* [WORK REQUEST]: Write each line below back out exactly, omitting its pictures.

* [DATASET EXTRACT]:
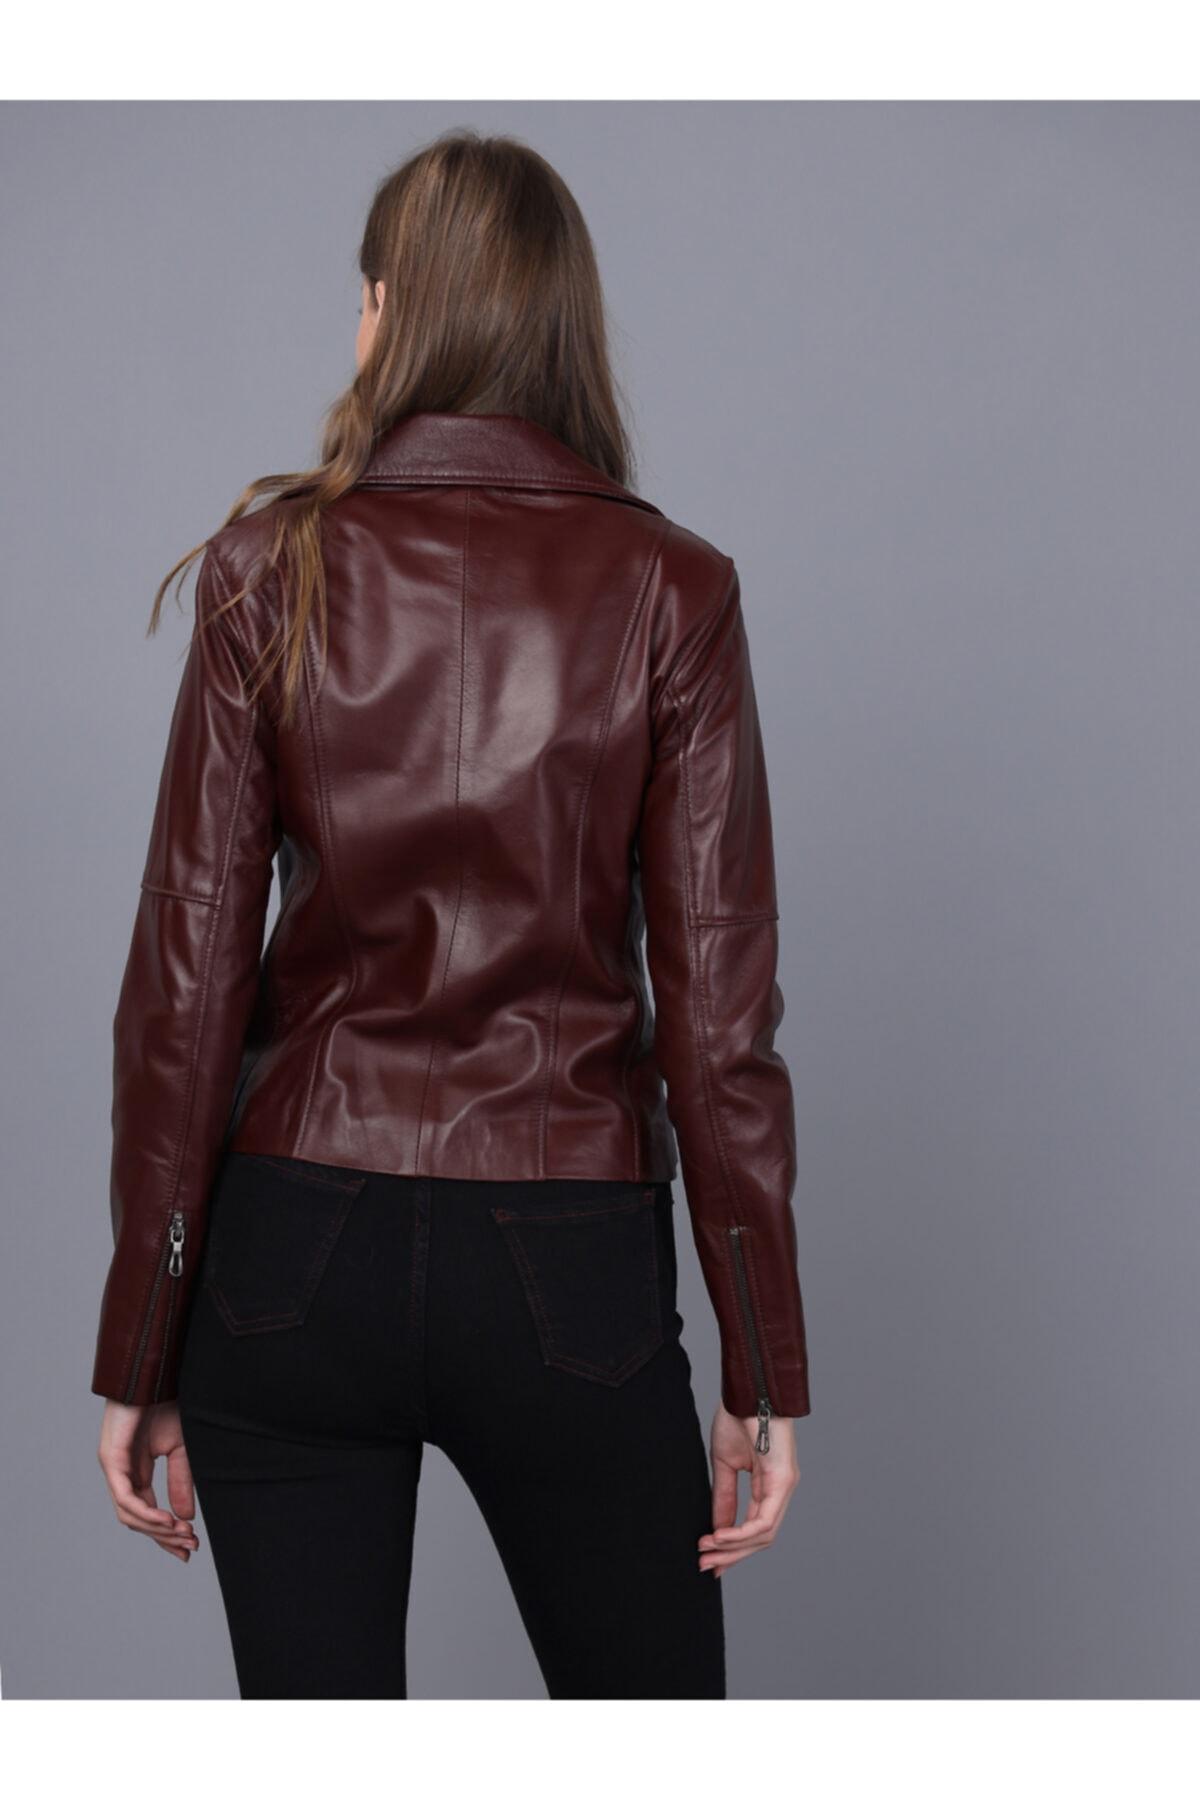 Basics&More Kadın Bordo Deri Ceket 2
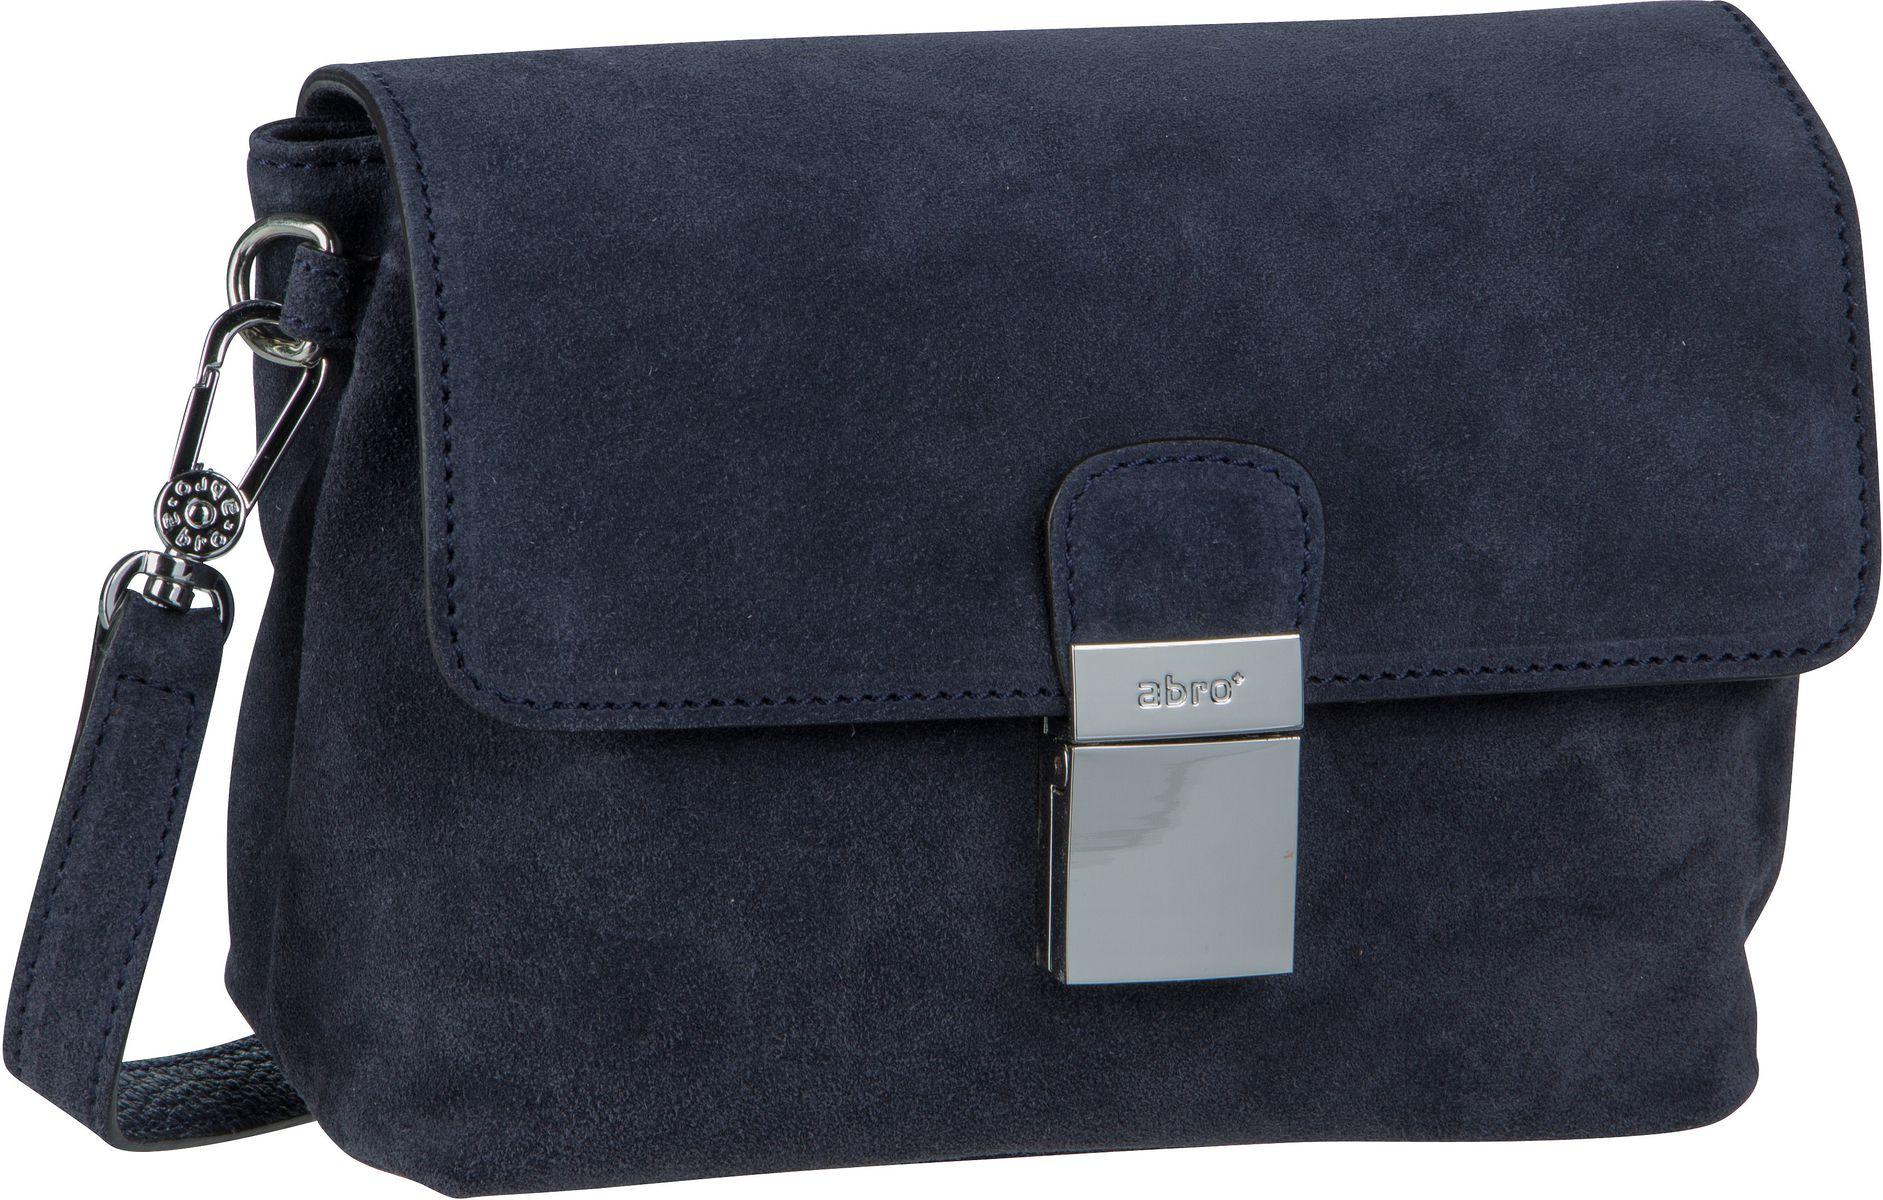 Handtasche Suede 28736 Navy
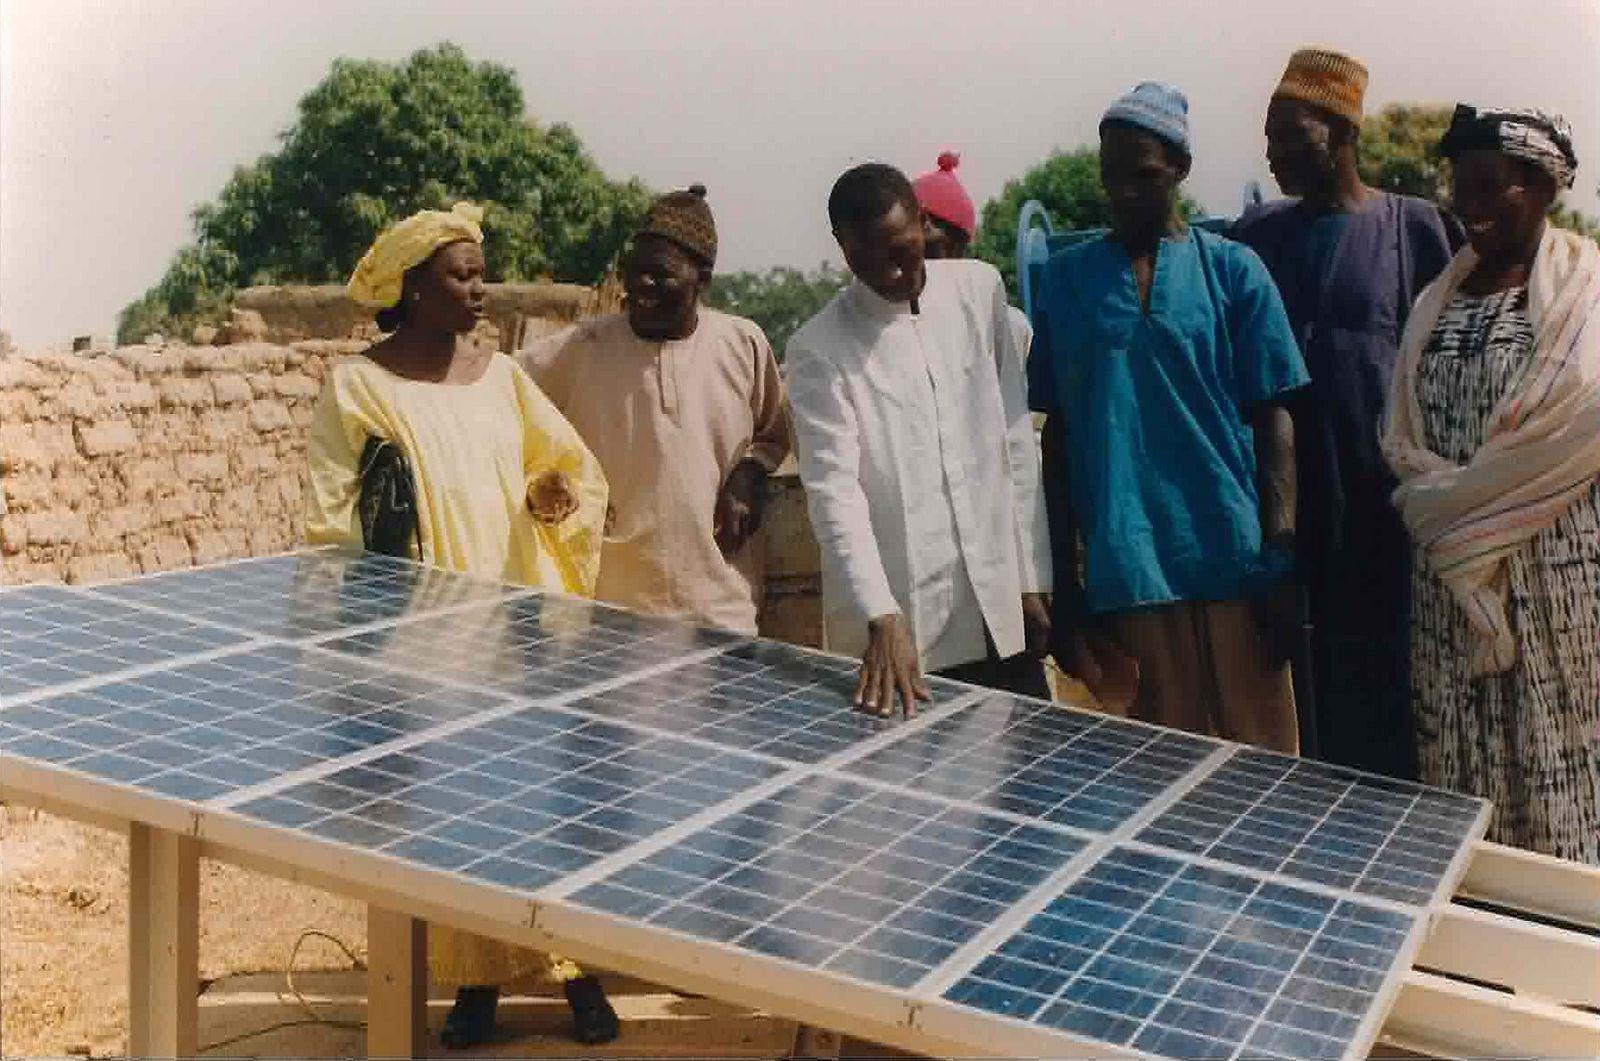 Nergie solaire la deuxi me dition de la conf rence internationale africa - Fours solaires en afrique ...

* [EXPECTED ANSWER]:
 Basics&More Kadın Bordo Deri Ceket 2
 Handtasche Suede 28736 Navy
 Nergie solaire la deuxi me dition de la conf rence internationale africa - Fours solaires en afrique ...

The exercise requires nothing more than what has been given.